GIVEN MATERIAL:
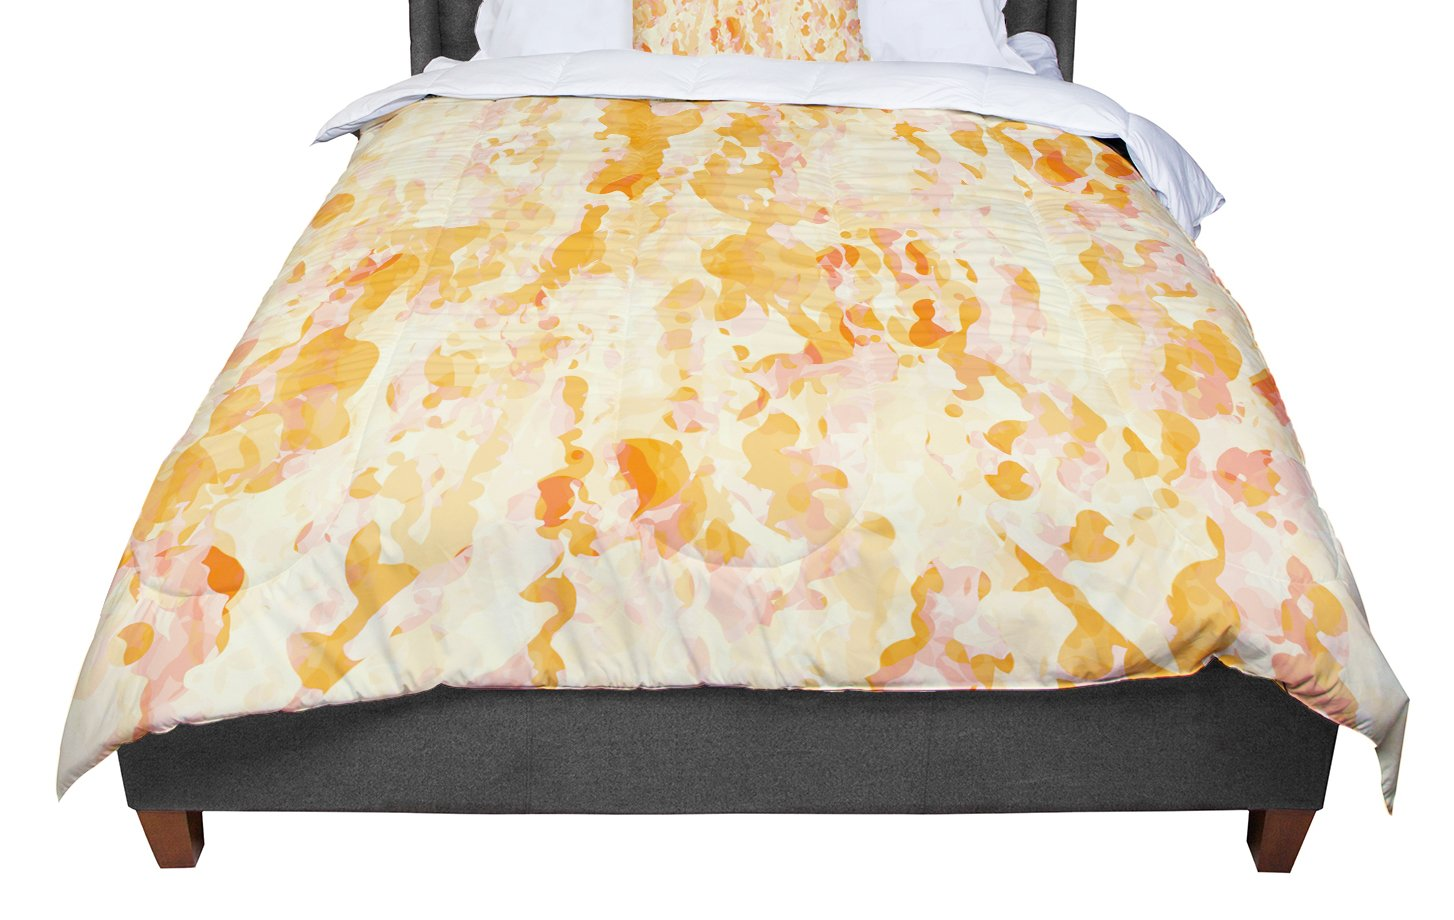 KESS InHouse CarolLynn Tice Explosion Orange Twin Comforter 68 X 88
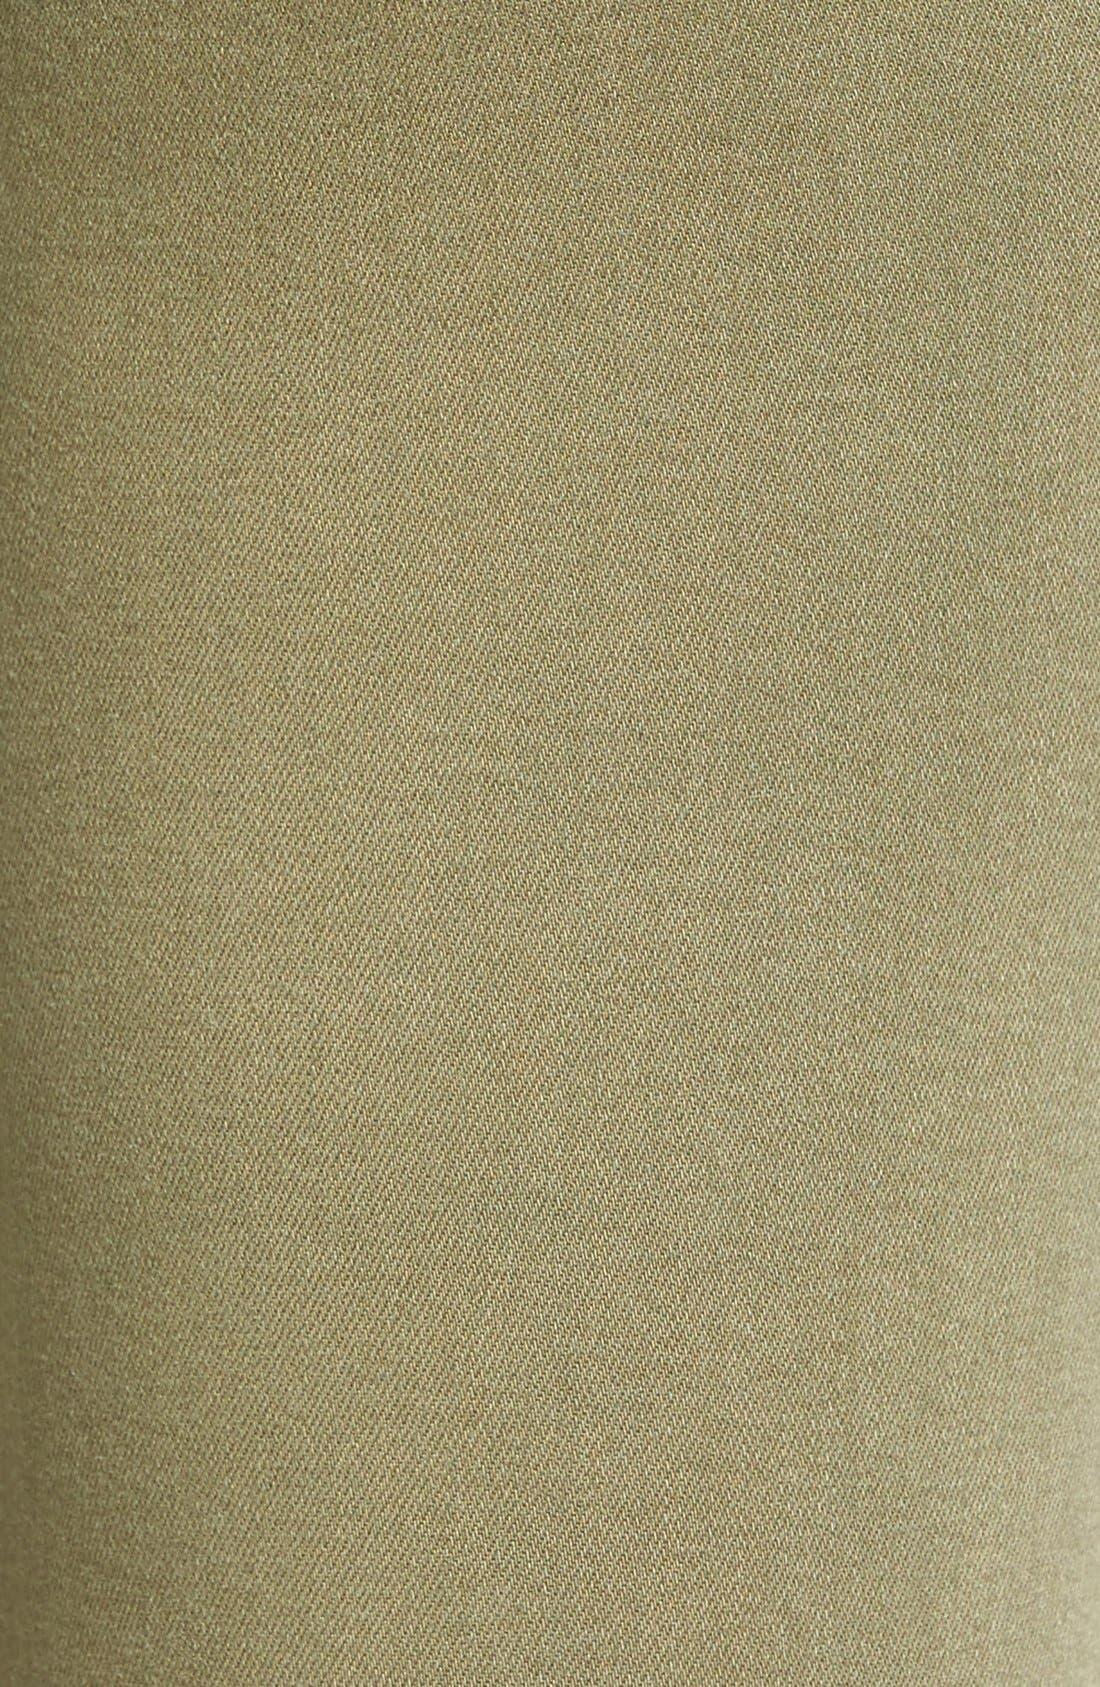 Alternate Image 4  - PAIGE Transcend - Verdugo Ankle Skinny Jeans (Sahara Green)
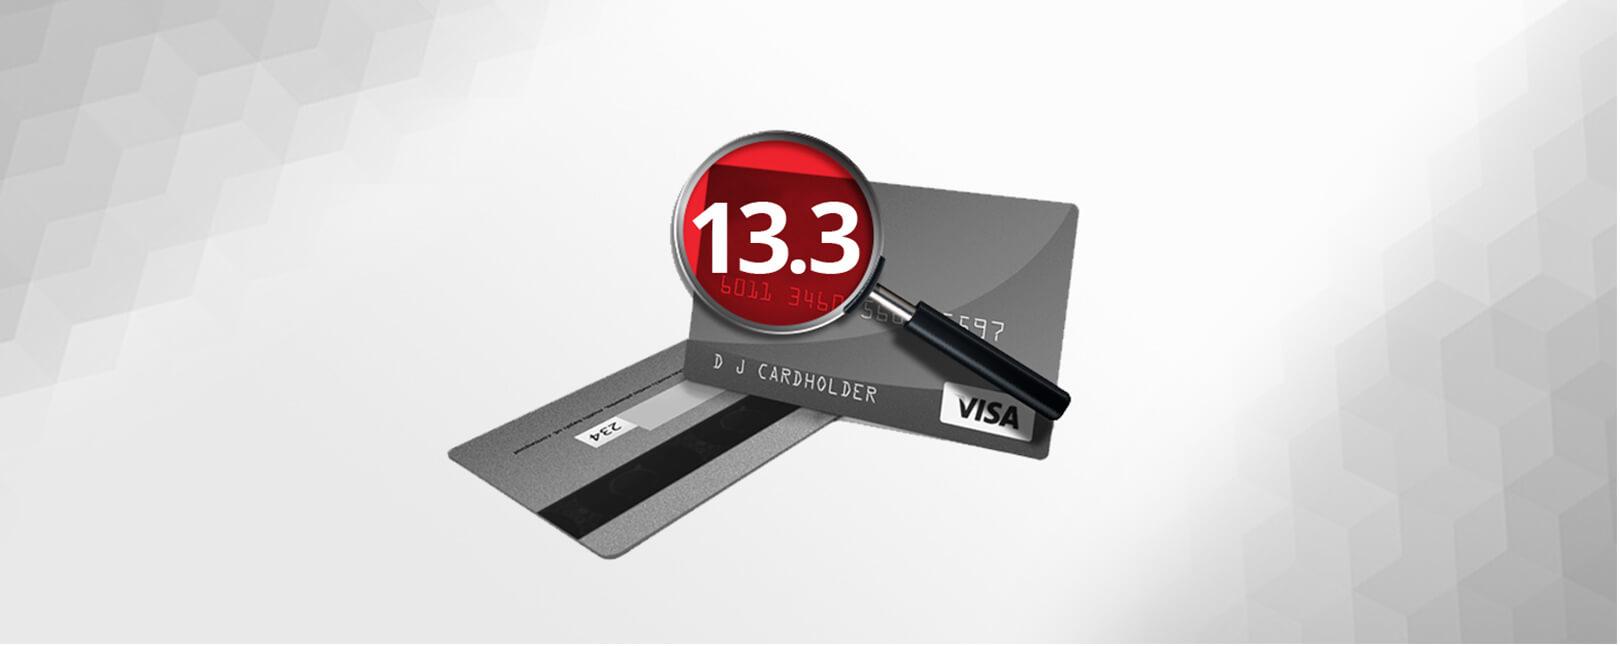 13.3 - Defective or Not as Described Merchandise/Services

ACTION ITEM: Write out the material above exactly, and omit the pictures it holds.

ANSWER SPACE:
 KESS InHouse CarolLynn Tice Explosion Orange Twin Comforter 68 X 88
 Alternate Image 4  - PAIGE Transcend - Verdugo Ankle Skinny Jeans (Sahara Green)
 13.3 - Defective or Not as Described Merchandise/Services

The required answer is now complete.